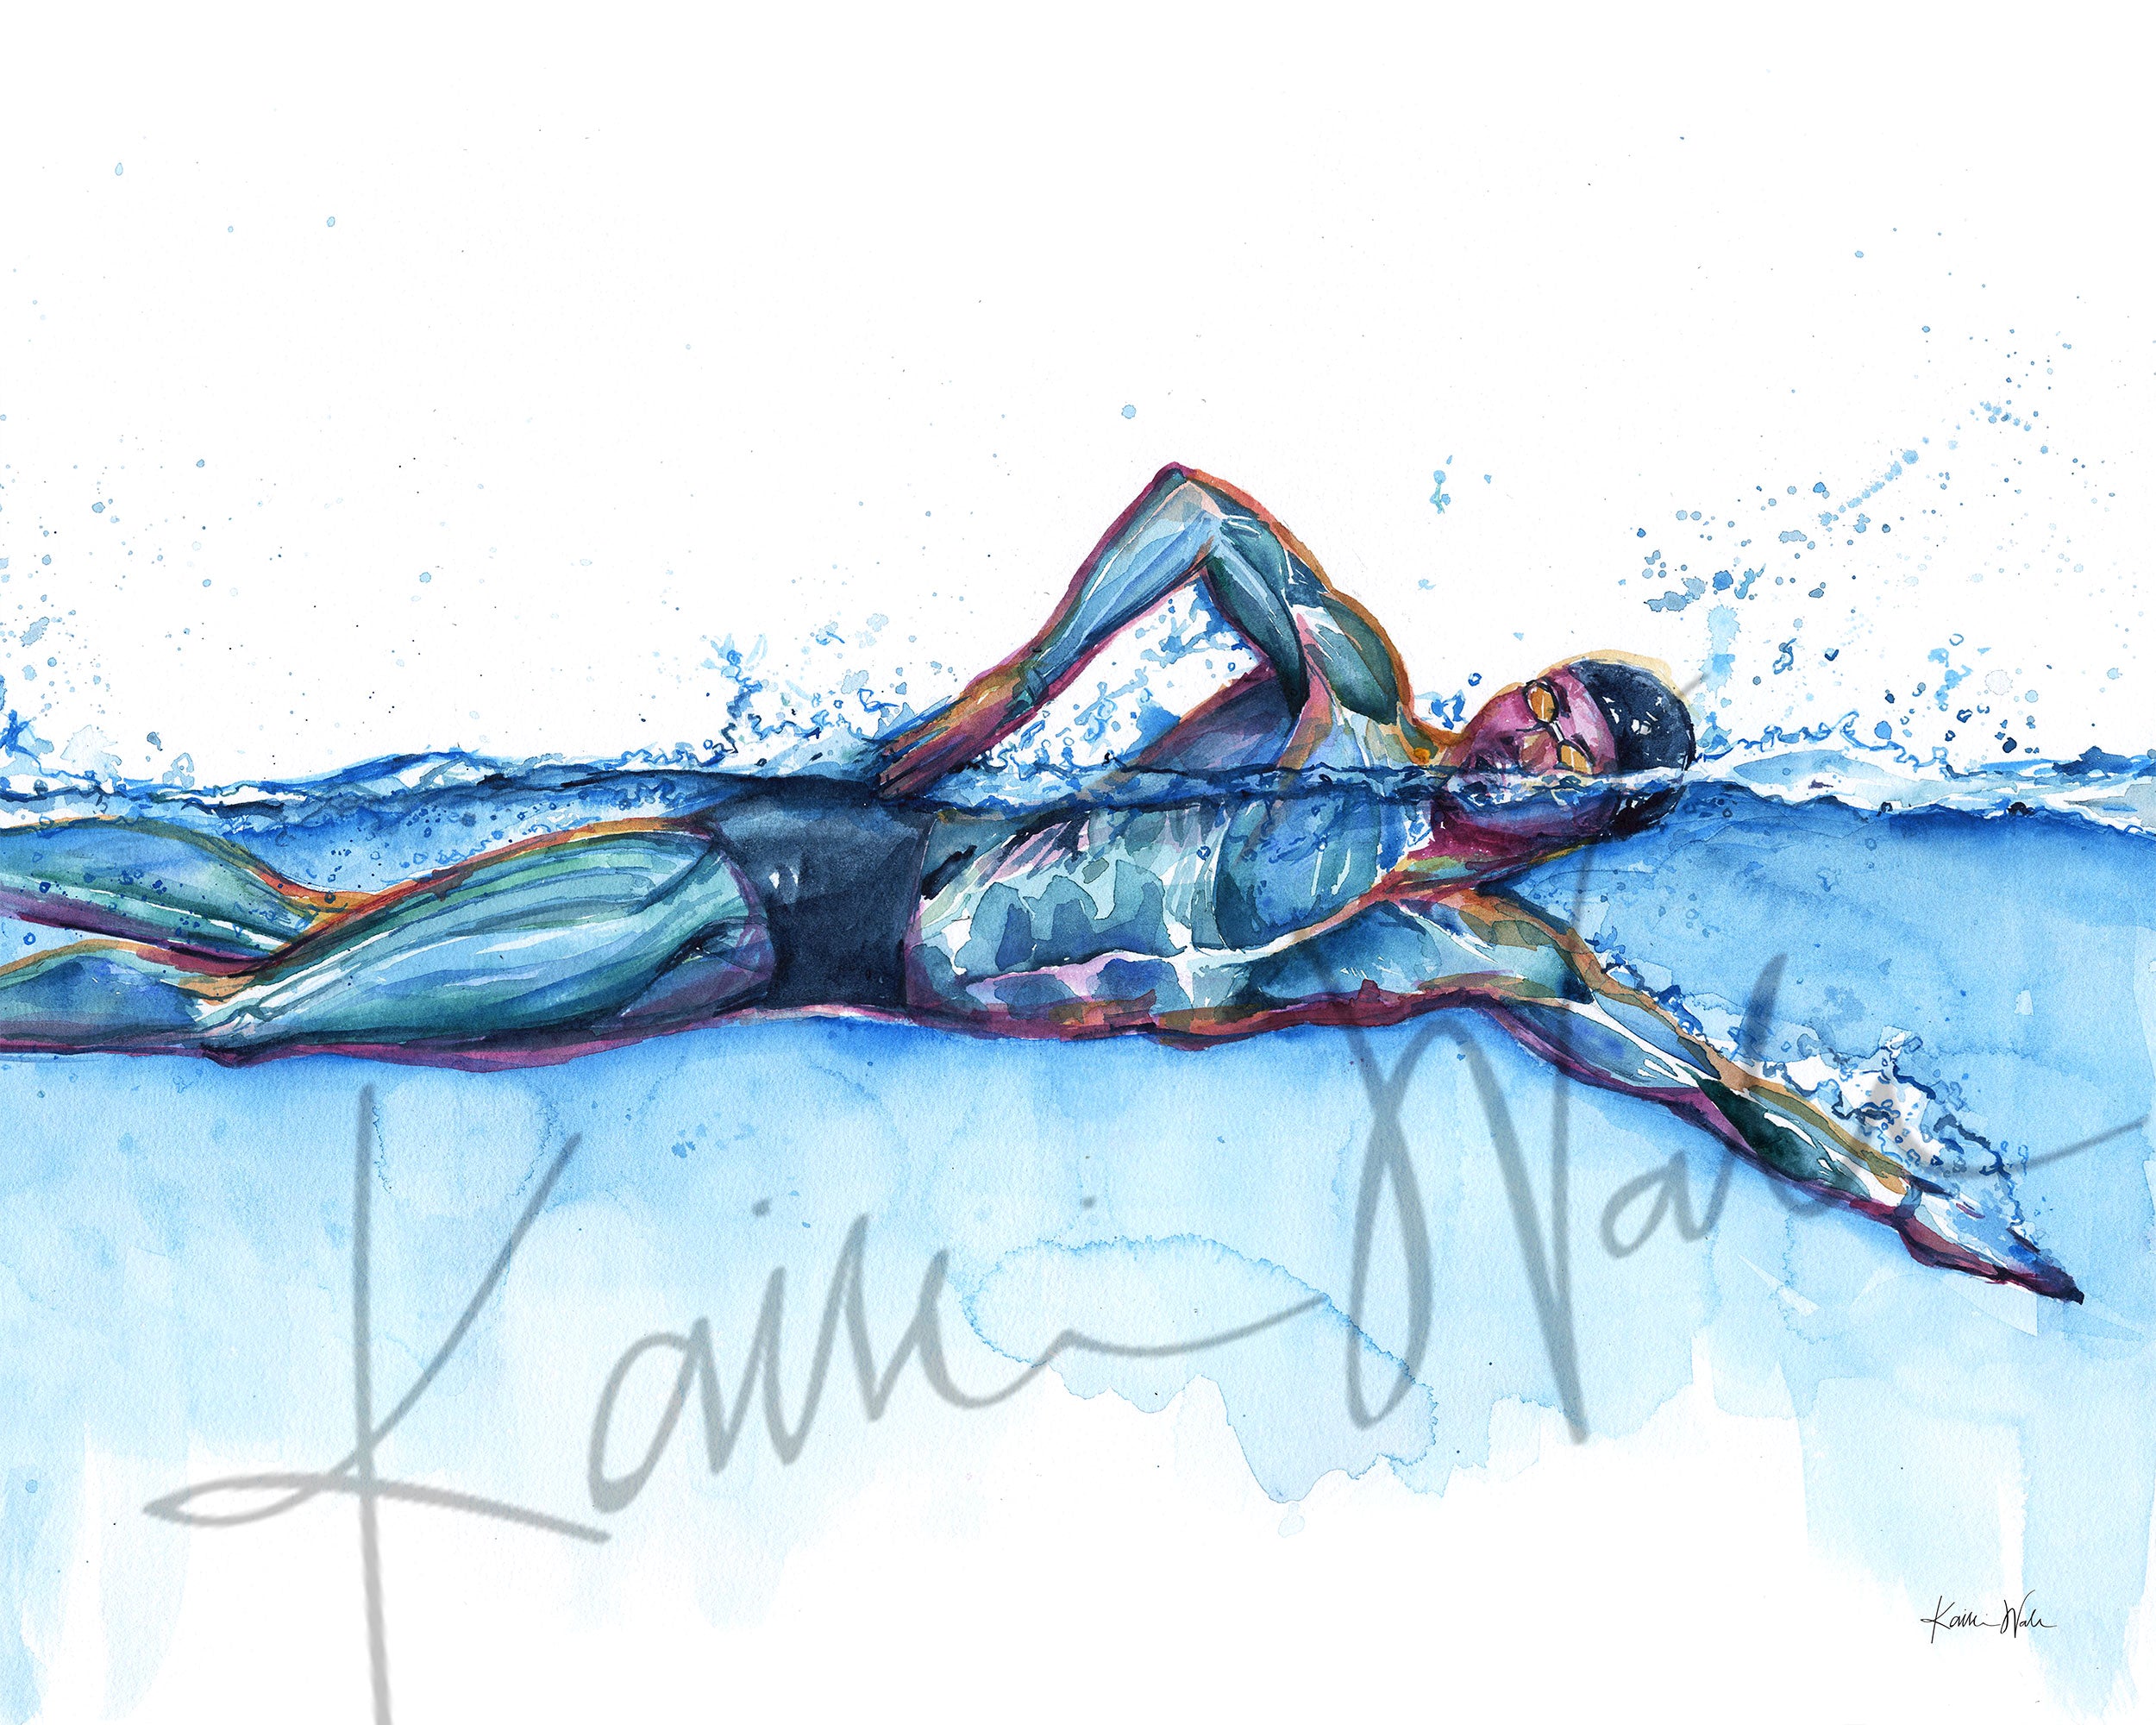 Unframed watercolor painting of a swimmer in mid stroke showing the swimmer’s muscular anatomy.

...

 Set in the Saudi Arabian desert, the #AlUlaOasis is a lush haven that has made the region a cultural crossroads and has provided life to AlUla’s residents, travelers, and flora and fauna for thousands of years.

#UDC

* * *

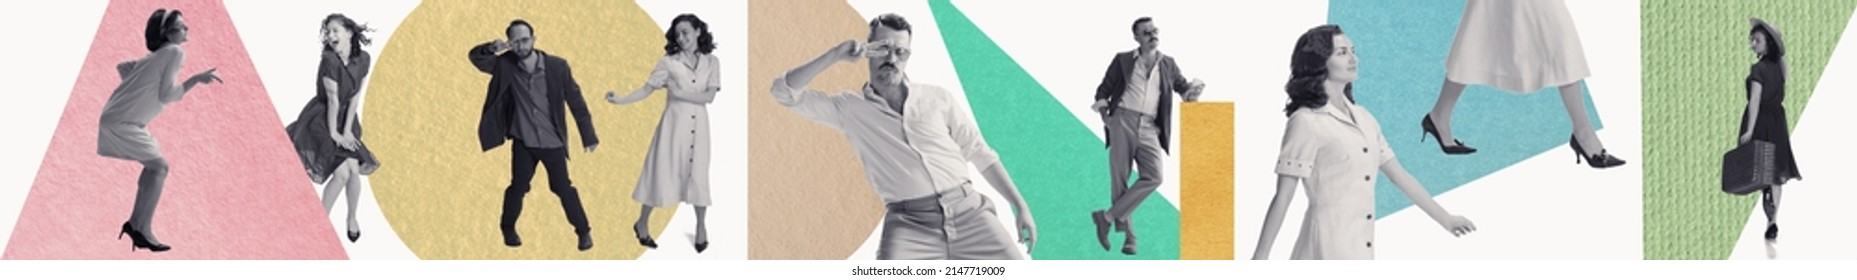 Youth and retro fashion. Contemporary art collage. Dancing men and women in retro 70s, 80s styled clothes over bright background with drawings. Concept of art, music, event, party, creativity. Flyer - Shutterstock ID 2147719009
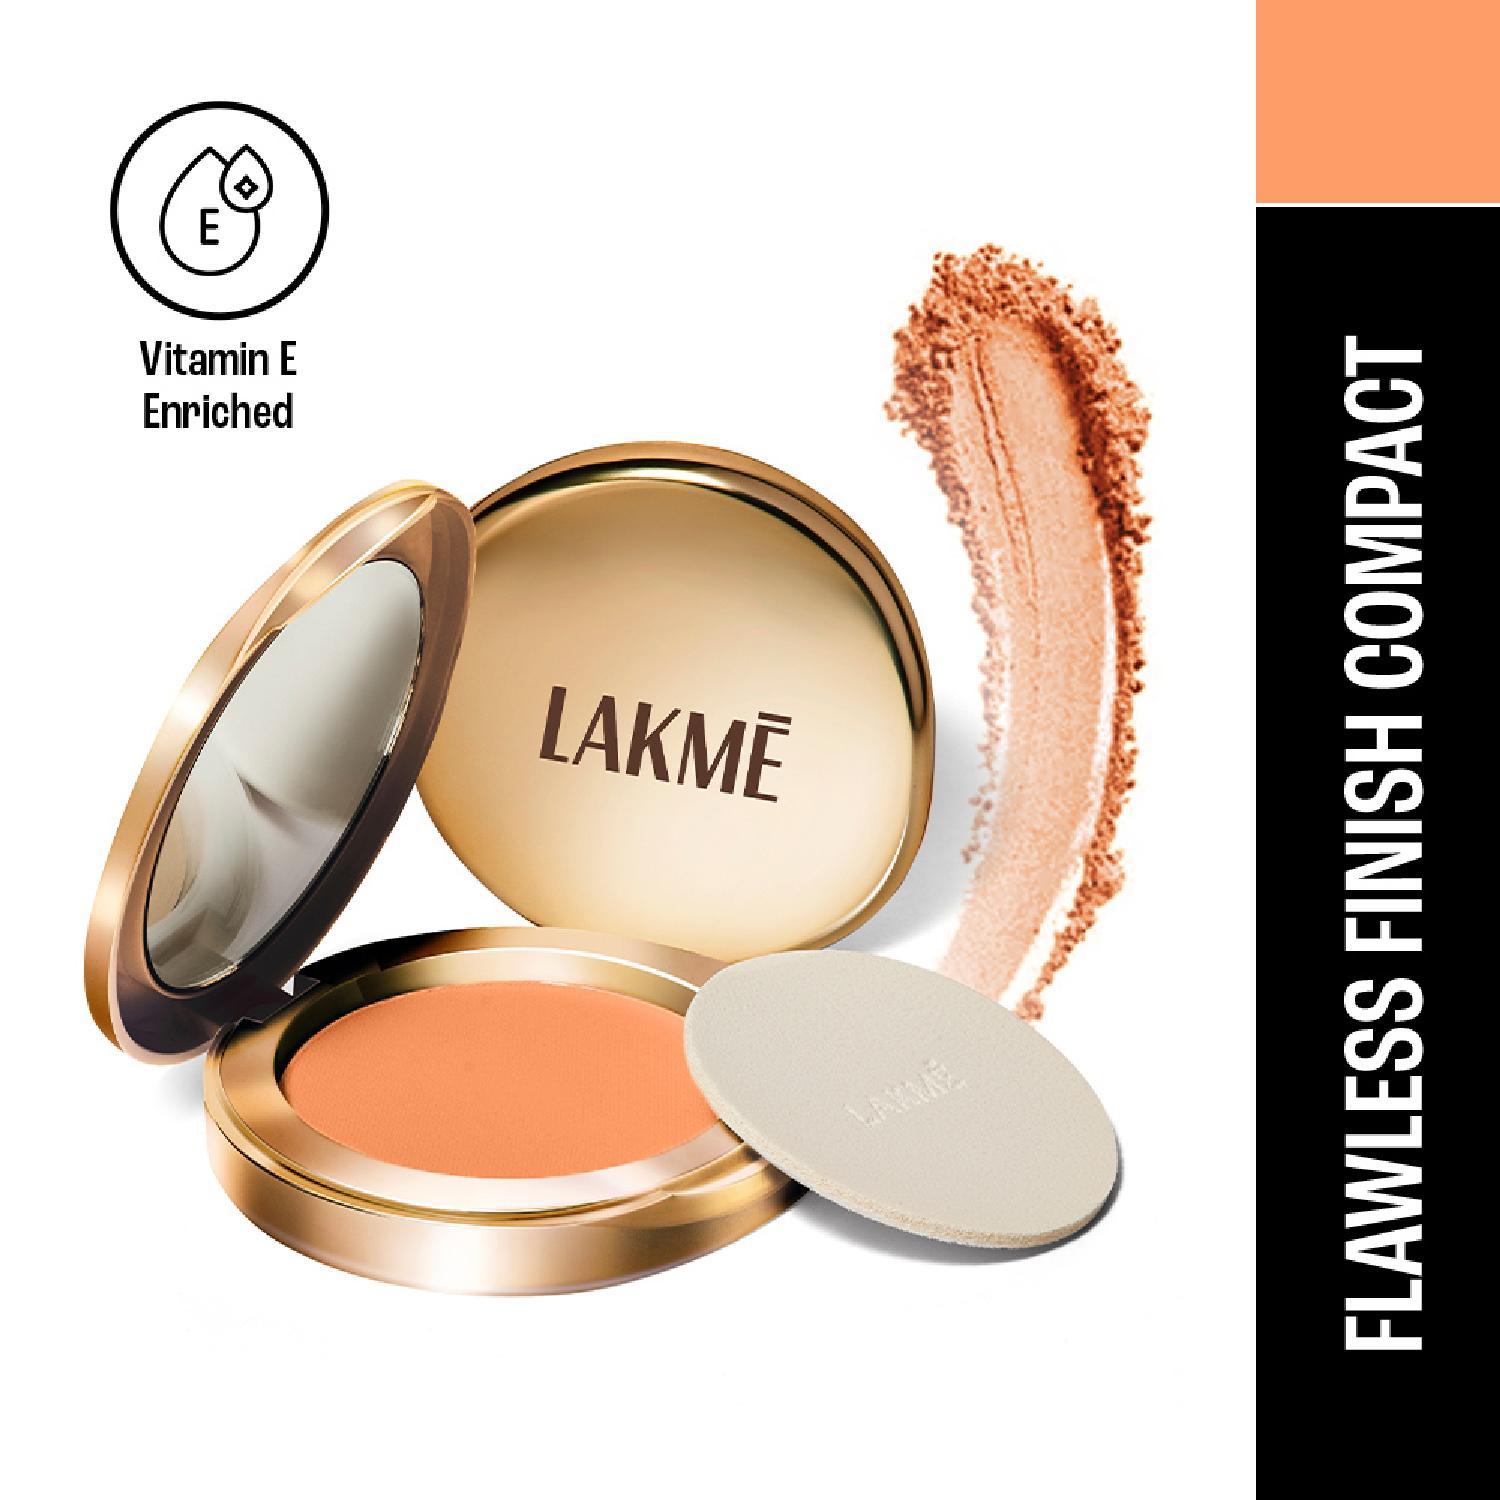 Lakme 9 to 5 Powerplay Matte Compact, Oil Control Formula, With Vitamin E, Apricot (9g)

◆ WHAT THE TASK ASKS:
The reply should hold exactly the lines above, starting at the line with "Youth and retro" and ending at the line with "Lakme 9 to 5", and no pictures.

◆ RESULT BELOW:
 Youth and retro fashion. Contemporary art collage. Dancing men and women in retro 70s, 80s styled clothes over bright background with drawings. Concept of art, music, event, party, creativity. Flyer - Shutterstock ID 2147719009
 Lakme 9 to 5 Powerplay Matte Compact, Oil Control Formula, With Vitamin E, Apricot (9g)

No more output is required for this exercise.